Tuesday, November 5, 2013

Banks eye CBK policy team for interest rate direction


Most analysts interviewed by the Business Daily predicted a retention of the benchmark policy rate at its current level, and a slight jerk upwards by early next year. Photo/FILE
Most analysts interviewed by the Business Daily predicted a retention of the benchmark policy rate at its current level, and a slight jerk upwards by early next year. Photo/FILE 
By GEOFFREY IRUNGU
In Summary
  • The Central Bank of Kenya is today expected to signal interest rate direction for the next two months at the Monetary Policy Committee
  • Most analysts interviewed by the Business Daily predicted a retention of the benchmark policy rate at its current level, and a slight jerk upwards by early next year

The Central Bank of Kenya is today expected to signal interest rate direction for the next two months at the Monetary Policy Committee (MPC’s) meeting.
The policy organ meets against the backdrop of a stable currency and a falling inflation rate.
Overall inflation stands at an average of 7.18 per cent in the past four months, against a CBK target of a maximum of 7.5 per cent. The MPC will weigh the need to keep the economic growth momentum to hit the 5.5 per cent target for this year, given that the first half of the year saw expansion in the gross domestic product of 4.7 per cent.
Most analysts interviewed by the Business Daily predicted a retention of the benchmark policy rate at its current level, and a slight jerk upwards by early next year.
“I think they will retain the CBR at its current level of 8.5 per cent. The exchange rate has been generally stable. Inflation is not likely to rise any further, and may come down to six per cent before the close of the year,” said Eric Munywoki, a research analyst at Old Mutual Securities.
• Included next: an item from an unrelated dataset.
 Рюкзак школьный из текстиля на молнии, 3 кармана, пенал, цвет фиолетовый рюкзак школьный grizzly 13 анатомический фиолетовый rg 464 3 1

But Mr Munywoki said the CBR could rise since commercial banks are being charged 14.5 per cent at the discount window, and the two are supposed to be closely aligned for the CBR to be an effective rate.
“This CBR should actually be (at 11 per cent) because the discount window is at 14.5 per cent. The CBR should be closer to the discount window, which is really the rate at which the banks are accessing cash from the central bank,” said Mr Munywoki.
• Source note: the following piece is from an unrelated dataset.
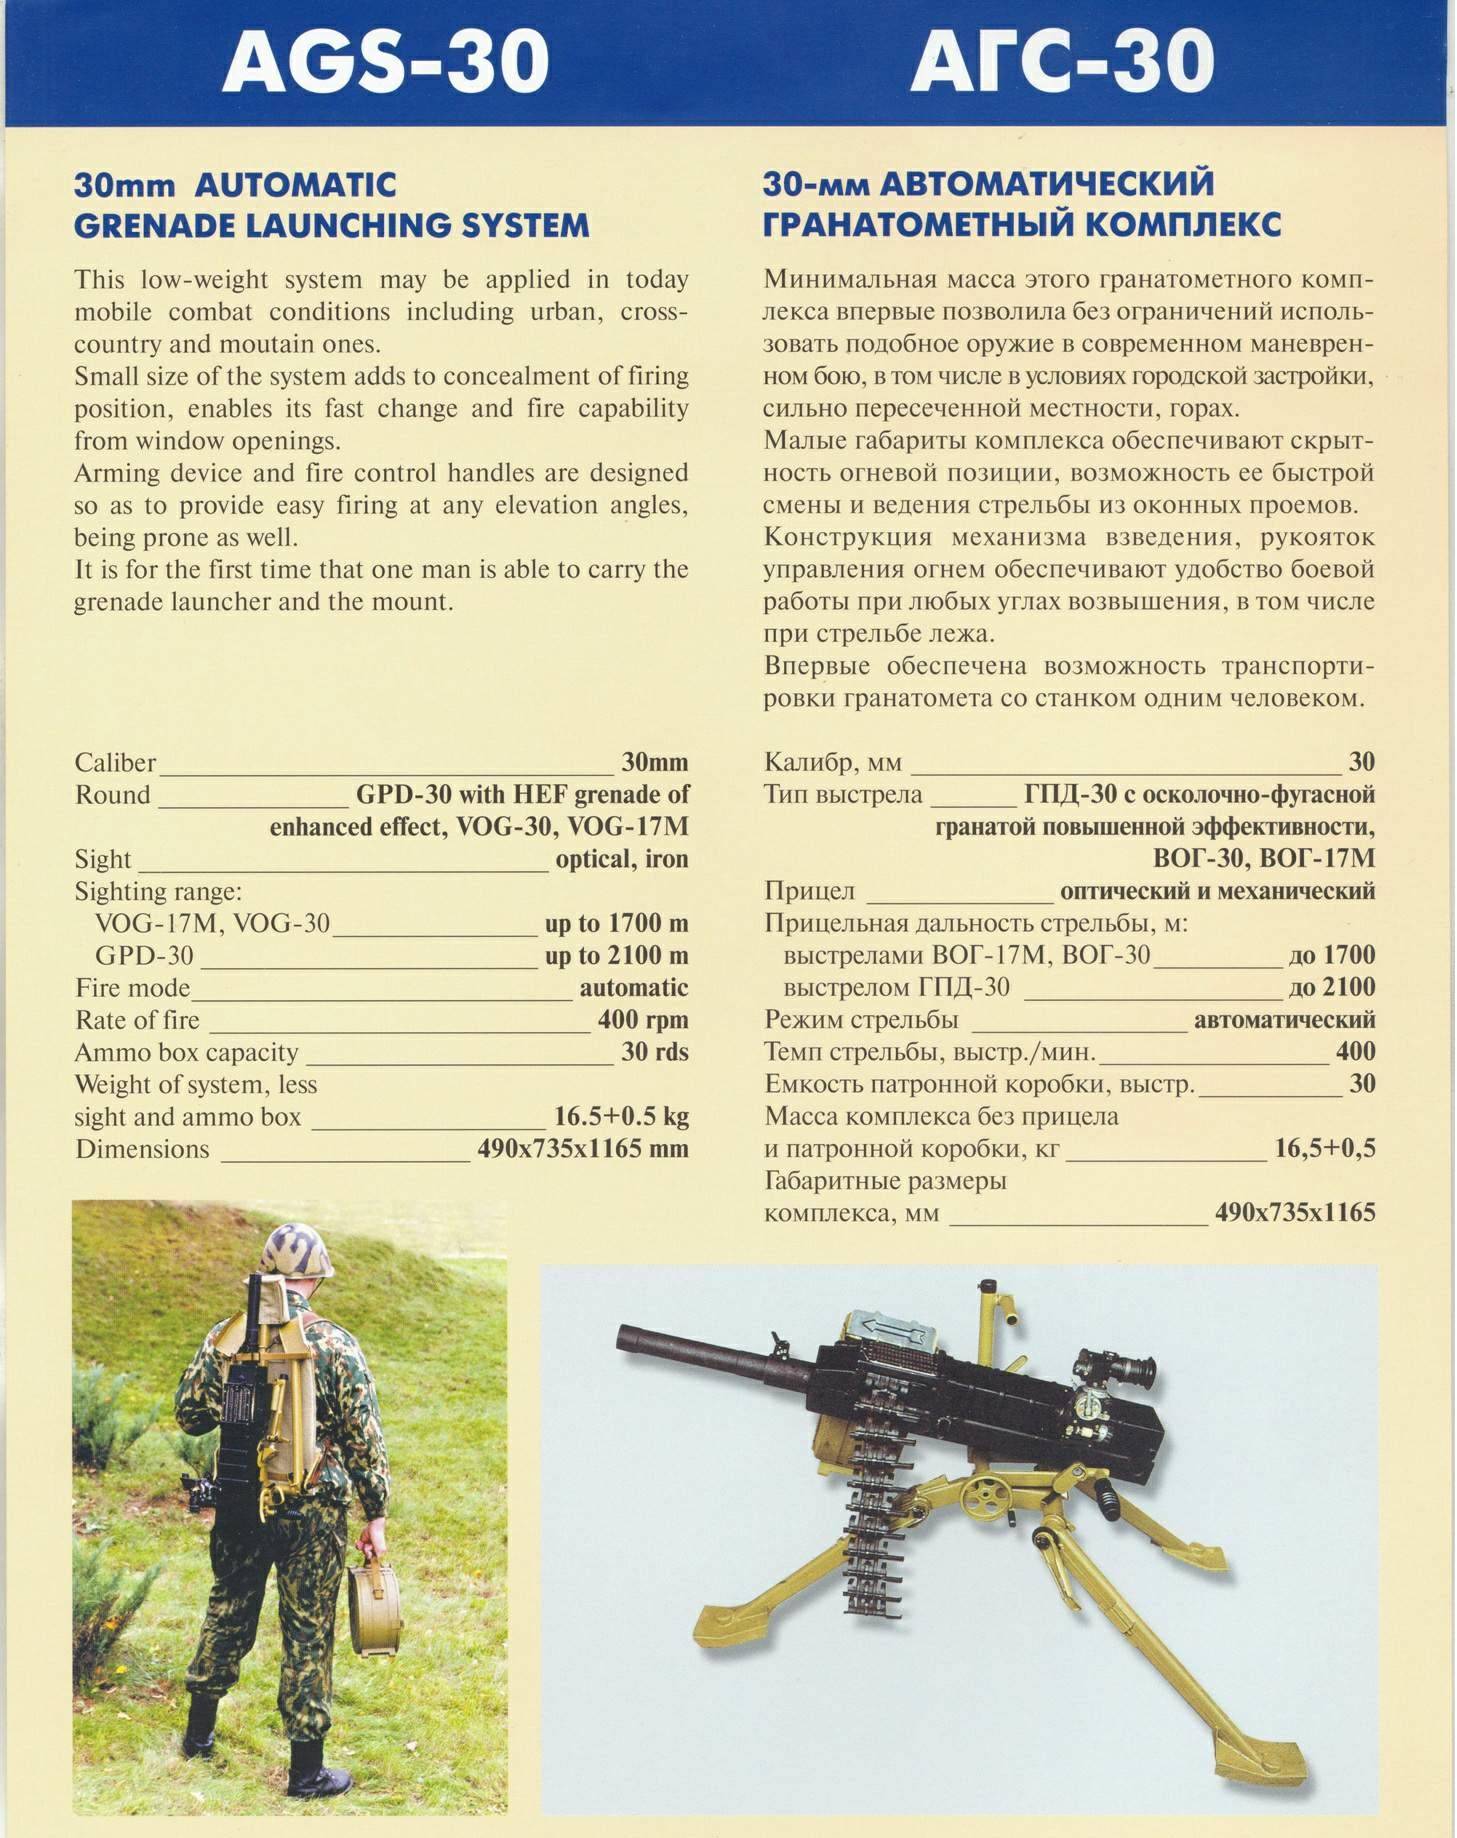 Агс-30 пламя, описание и ттх автоматического станкового гранатомета, состав расчета и правила стрельбы, калибр и модификации боеприпасов

Inflation began to rise when the value added tax (VAT) Act 2013 was enacted in September and prices of many goods rose immediately. The overall inflation for the month increased to 8.29 per cent but decelerated to 7.76 per cent last month. The 7.18 per cent average for the first four months of the financial is only 0.32 percentage points from the upper borderline.
The Treasury has set a target of five per cent with 2.5 percentage points above or below it — meaning that it can range between 2.5 and 7.5 per cent.
Alexander Muiruri, bond trader at African Alliance Investment Bank, sees the CBR rising modestly by January in line with modest increase in prices next year. “We expect the CBR to adjust upward by 50 basis points (to 9.0 per cent] by January 2014. There’s a good case for headline inflation growing marginally until May 2014 due to positive base effects on food inflation,” said Mr Muiruri.
The Standard Chartered Bank head of research for Africa region Razia Khan said the MPC is likely to be tolerant of a slightly higher inflation without raising interest rates until March next year.
“Given concern over the aftermath of Westgate and its impact on business confidence, we believe that the authorities will be more accommodating of a temporary breach of their 2.5-7.5 per cent inflation target…The CBR is likely to remain on hold at 8.5 per cent until next year,” said Ms Khan.
The Treasury has expressed confidence that the second half will make up for the lower first half GDP growth in order to realise the 5.5 per cent target in 2013 and maintain the momentum for next year’s 6.0 per cent target.
Treasury Secretary Henry Rotich said recently that apart from faster growth in the second half, experience had shown that statistics for the first half were normally revised upwards by the year end.
The GDP growth momentum has implications as the budget and jobs creation targets are predicated on 5.5 per cent GDP for this year, rising to seven per cent by 2017 under the second Medium Term Plan (MTP2) which is part of Vision 2030.